1. Start Seeds.
There's nothing more thrilling that to sow tiny seeds, then see them germinate and pop up out of the soil as small seedlings in a matter of days. Seed starting is a great gardening tip as a way to get kids involved in gardening. It's so easy -- all you need is potting soil, a vessel (or the ground), water, and seeds. Seed starting is also the most inexpensive way to raise plants.

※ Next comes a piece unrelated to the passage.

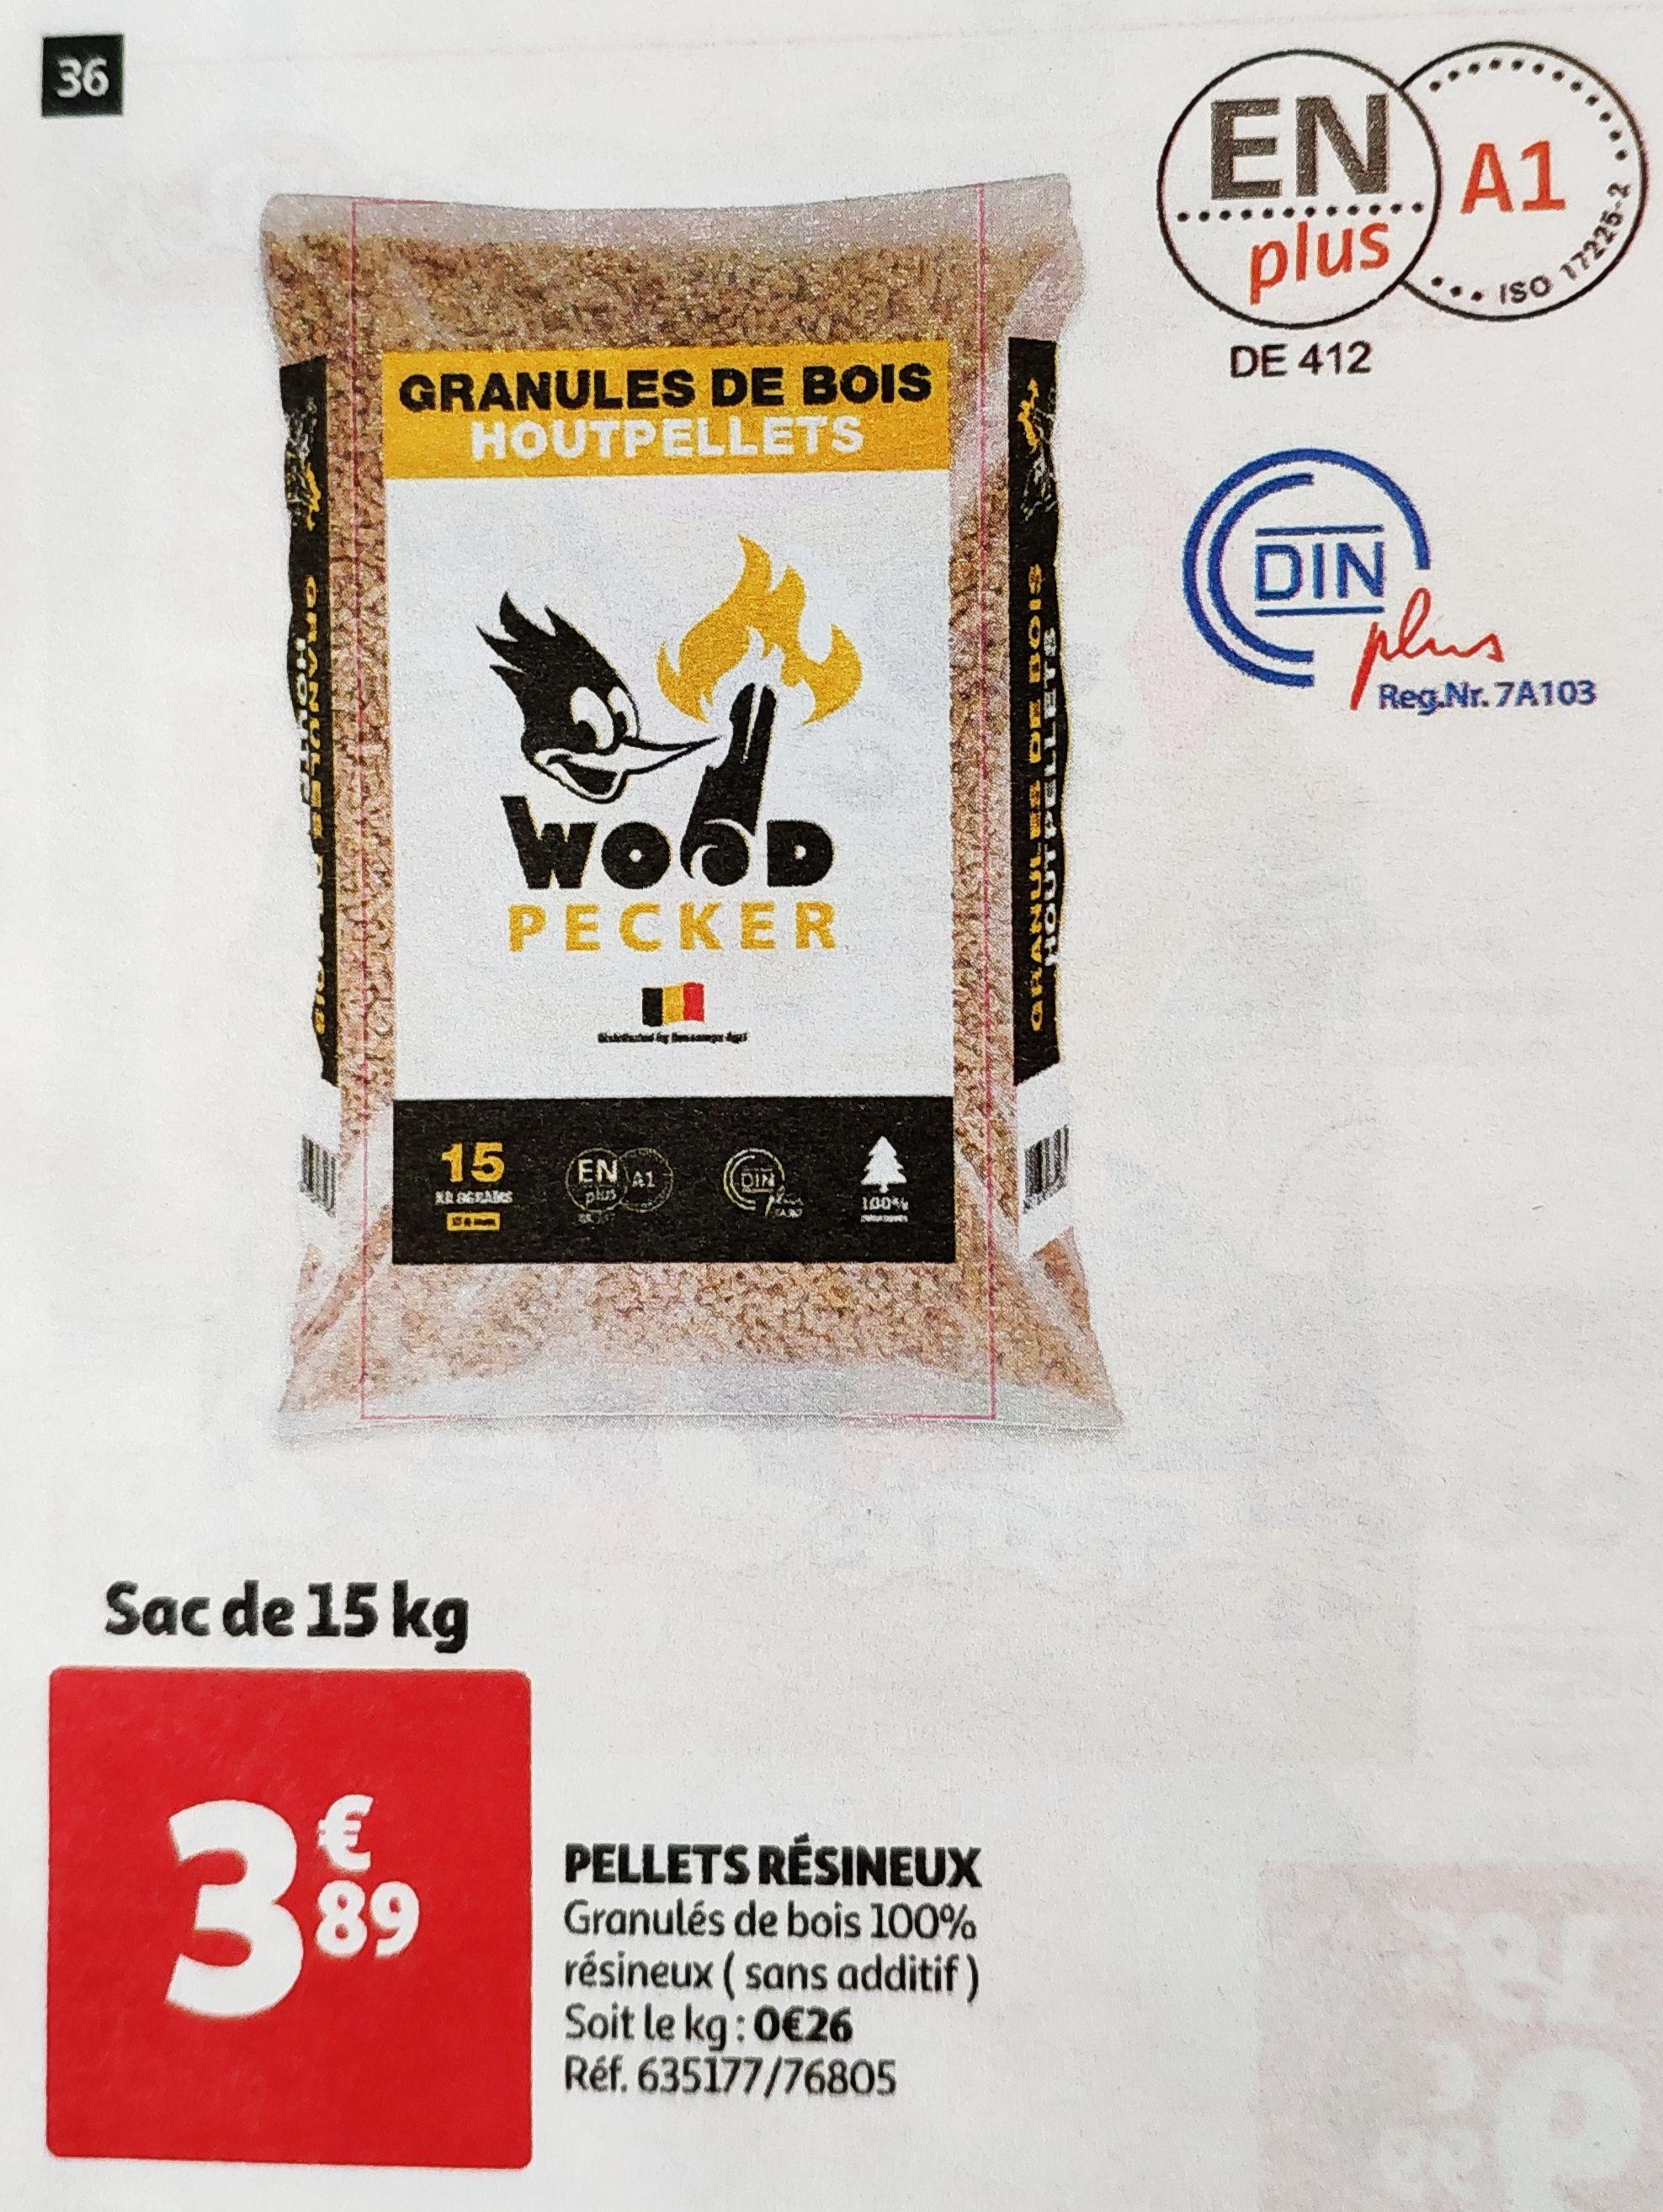 Sac de Granulés de bois pellets Wood Pecker - 15 Kg

Adding a thick layer of mulch around your garden plants and landscaping shrubs. Use whatever mulch you like or is readily available -- shredded cedar bark, pine needles, grass clippings, gravel or stone. All you need is a pretty, spreadable medium to place around the plants in your landscape or garden. Mulches made from plant material (bark, needles, clippings) will break down over time and can be refreshed with a top layer every couple of years.
3. Plant Fragrance.
Flowers are beautiful just as they are, but why not add another dimension to your gardening experience? As a gardening tip, planting fragrant flowers and herbs means you'll be greeted with sweet perfume when you garden as well as beautiful flowers and foliage. The most fragrant perennial flowers include roses, peonies, and lilacs. Try perfumed annuals in containers; heliotrope, petunia, and alyssum all add scents. Tropical vines such as jasmine can add fragrance to a porch or patio.
4. Grow Herbs.
Even if you don't have room for a vegetable garden, a simple container on a patio provides a spot to grow a lush herb garden that offers all the flavors of the world at your fingertips. Herbs are eager growers, can take a little neglect, and produce delicious edible leaves and flowers. Try a mixed container combination of three herbs that reflect your cooking tastes -- Mediterranean: basil, thyme, oregano; Asian: cilantro, lemon grass, Thai basil; or French: parsley, tarragon, rosemary.
5. Add Tropicals.
Another gardening tip? Add the lush feeling of the tropics to porches and patios with leafy, tropical foliage plants. Palms, Dracaena, and Sanseiveria all do well on shaded front porches, providing instant jungle ambiance to outdoor dining and seating spaces. Enjoy them all summer, then bring them indoors and place in every room. Foliage plants help cleanse the air of indoor toxins.
6. Survey Your Garden.
Take 5 minutes a day to walk through your garden. You can keep an eye out for insect pests or disease and treat before it becomes a big deal. And as you stroll, deadhead (remove) faded blooms; this encourages plants to produce more flowers.
7. Plant Natives.
Native perennials are species that are already adapted to the climate, rainfall, and soil in your region. These plants take less care than other perennials and will often do better than other types of perennials because they evolved in the area where you are planting them.
8. Cover up with Vines.
Do you need a little backyard privacy? Or do you have an unsightly fence or blank garage side? A trellis is a great gardening idea: Aflowering vine creates a beautiful screen or cover up. Fast-growing annual vines include morning glory, sweet peas, and cup-and-saucer vine. Perennial vine varieties get bigger and better -- and last for years. Options include Clematis, honeysuckle vine, and trumpetcreeper vine.
9. Solve Lawn Problems with Groundcovers.
If you want to mow less and enjoy your landscape more, a gardening tip is to remove turf in areas that it are struggling and replace with perennial groundcovers. Shady spots and areas below trees with shallow roots can be planted with a lush assortment of groundcovers such as Ajuga, Vinca, and Pachysandra.
10. Harvest Edibles from Your Landscape.
Wouldn't it be wonderful to step out the door and harvest fresh fruit, veggies, and herbs from your front or backyard? You can with this gardening tip: Add a wide variety of beautiful edible plants. Try small-space shrub "Jellybean" blueberry, use strawberries as sidewalk edging plants, and add tiny-leaf 'Spicy Glove' basil to a window box or container.